À quoi s’attendre de ce gouvernement minoritaire

Comme il l’a fait au cours de son dernier mandat, le premier ministre Justin Trudeau devra éviter les négociations intenses avec l’opposition. Si un gouvernement survit à court terme, il sort généralement affaibli de ces joutes où il met les genoux au sol afin de pouvoir poursuivre sa route.  

Le chef libéral a trois partenaires de danse potentiels devant lui. D’abord, les conservateurs : s’ils décident de remplacer Erin O’Toole, il y a fort à parier qu’ils ne voudront pas renverser les libéraux avant d’avoir un nouveau leader. Quant au NPD, il n’a aucun intérêt à retourner en élections après une seconde récolte décevante. Devenu le club-école du Parti libéral, le NPD va appuyer les libéraux sur la majorité des enjeux, avec un intérêt marqué pour la lutte contre les changements climatiques, les garderies et la réconciliation avec les Premières Nations.  

Le Bloc québécois pourrait appuyer le gouvernement Trudeau de temps à autre. Si, par exemple, le gouvernement du Québec réagissait favorablement au dépôt d’un budget fédéral, il serait vraisemblable de voir les bloquistes l’appuyer.

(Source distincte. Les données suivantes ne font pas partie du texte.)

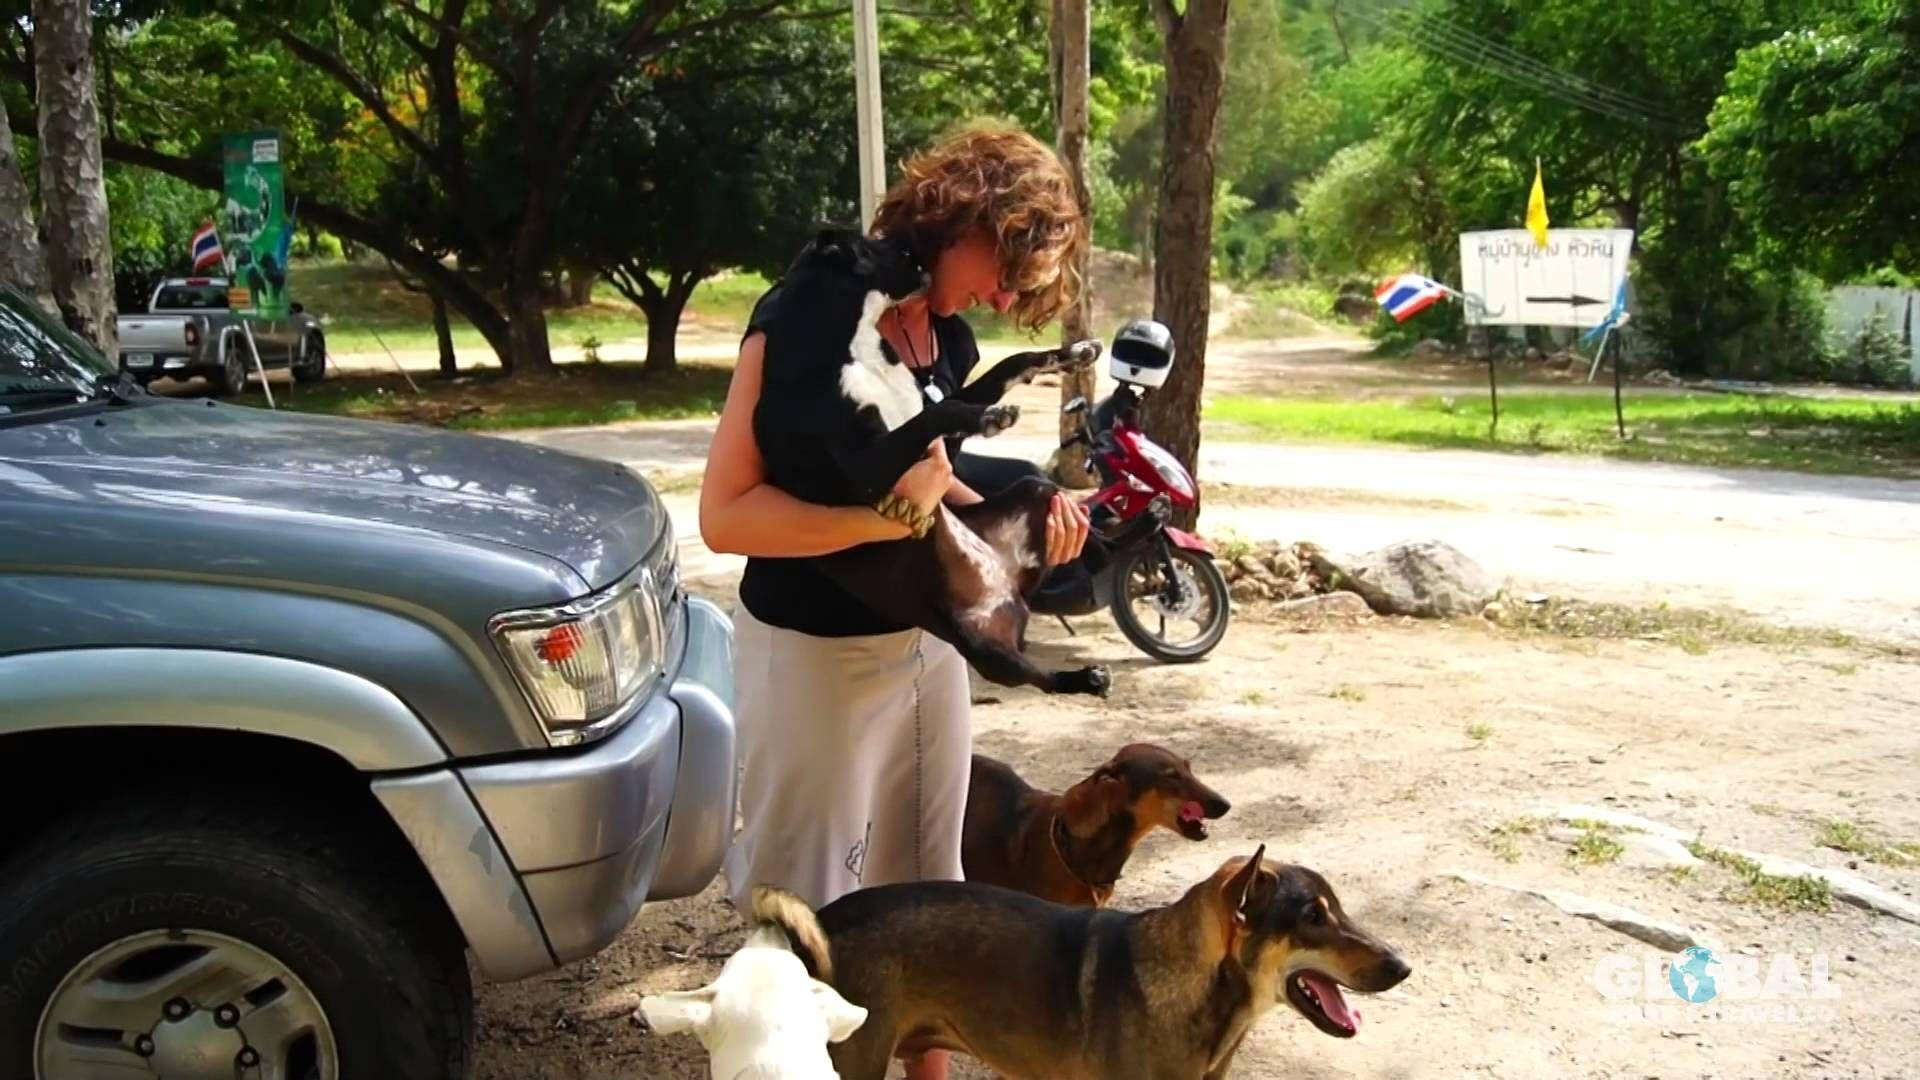 Professional veterinarian Terri from Australia volunteered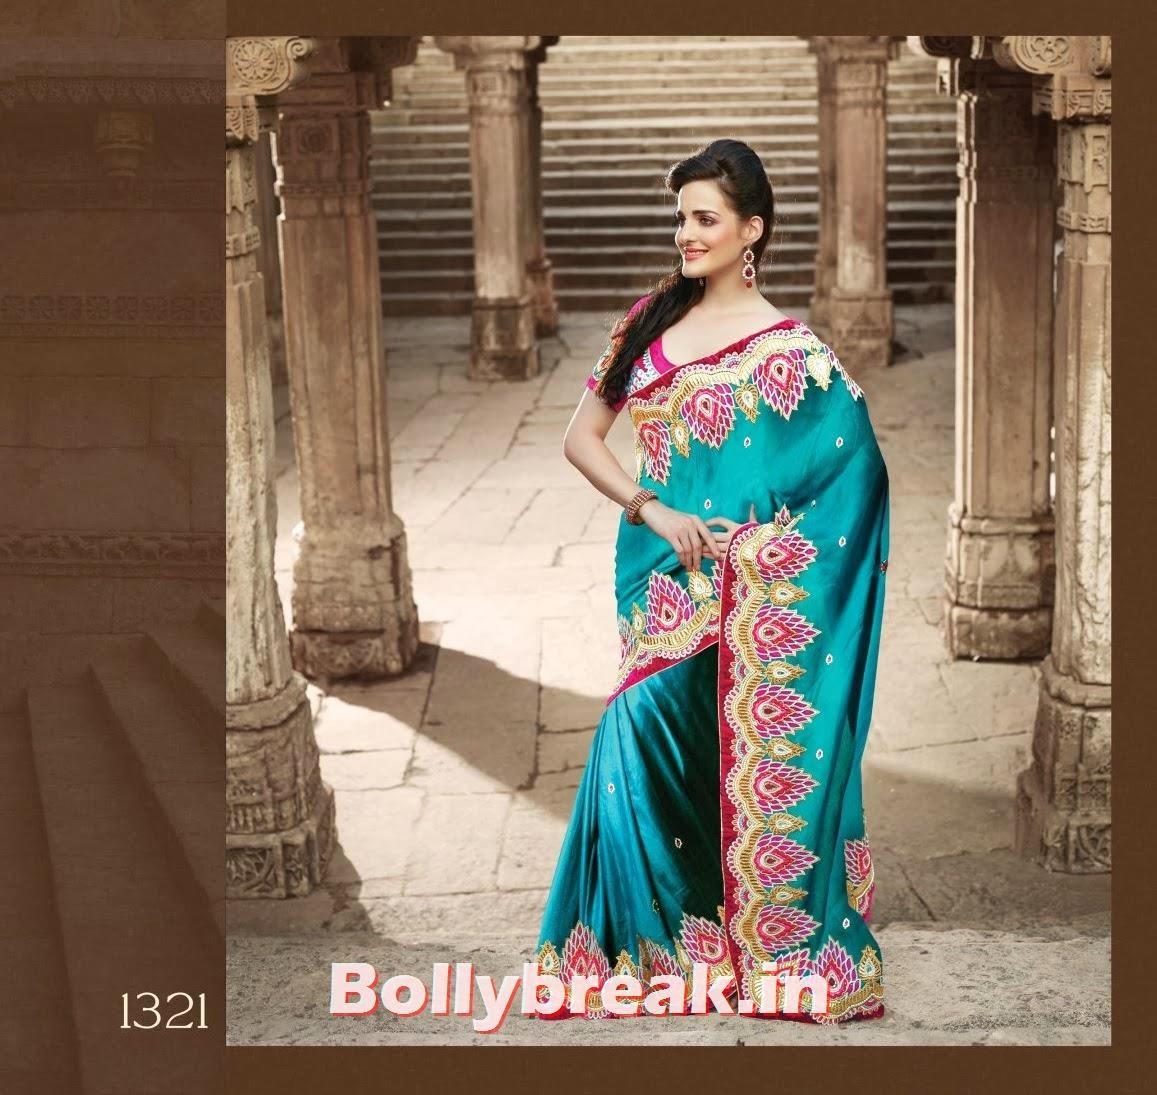 , Beautiful Indian Models in Saree

Il ne faut pas se méprendre : Justin Trudeau sort ébranlé de ce scrutin. Bien sûr, il a obtenu une minorité forte et un troisième mandat. Mais il a quand même perdu le vote populaire pour une deuxième élection consécutive. Dans un système politique différent, il ne dirigerait plus le pays depuis déjà deux ans.

Il faut remonter à Wilfrid Laurier en 1908 pour voir un premier ministre canadien remporter quatre élections de suite. Il est improbable que Justin Trudeau puisse y parvenir dans l’ère moderne, qui rend les réélections plus complexes qu’à l’époque de Laurier.  

Les partis d’opposition et même les aspirants au poste de chef du Parti libéral vont arriver à ce constat.  Ils voudront saisir l’occasion d’améliorer leur sort, le moment venu. Quant à Justin Trudeau, il devra se demander s’il souhaite encore être le chef des libéraux aux prochaines élections. Si la réponse est affirmative, il gouvernera le plus longtemps possible et jouera alors le tout pour le tout. Dans le cas contraire, son parti devra déclencher une course à la direction d’ici environ un an, pour être prêt aux prochaines élections.

Comme quoi il y aura beaucoup d’action dans ce troisième mandat Trudeau.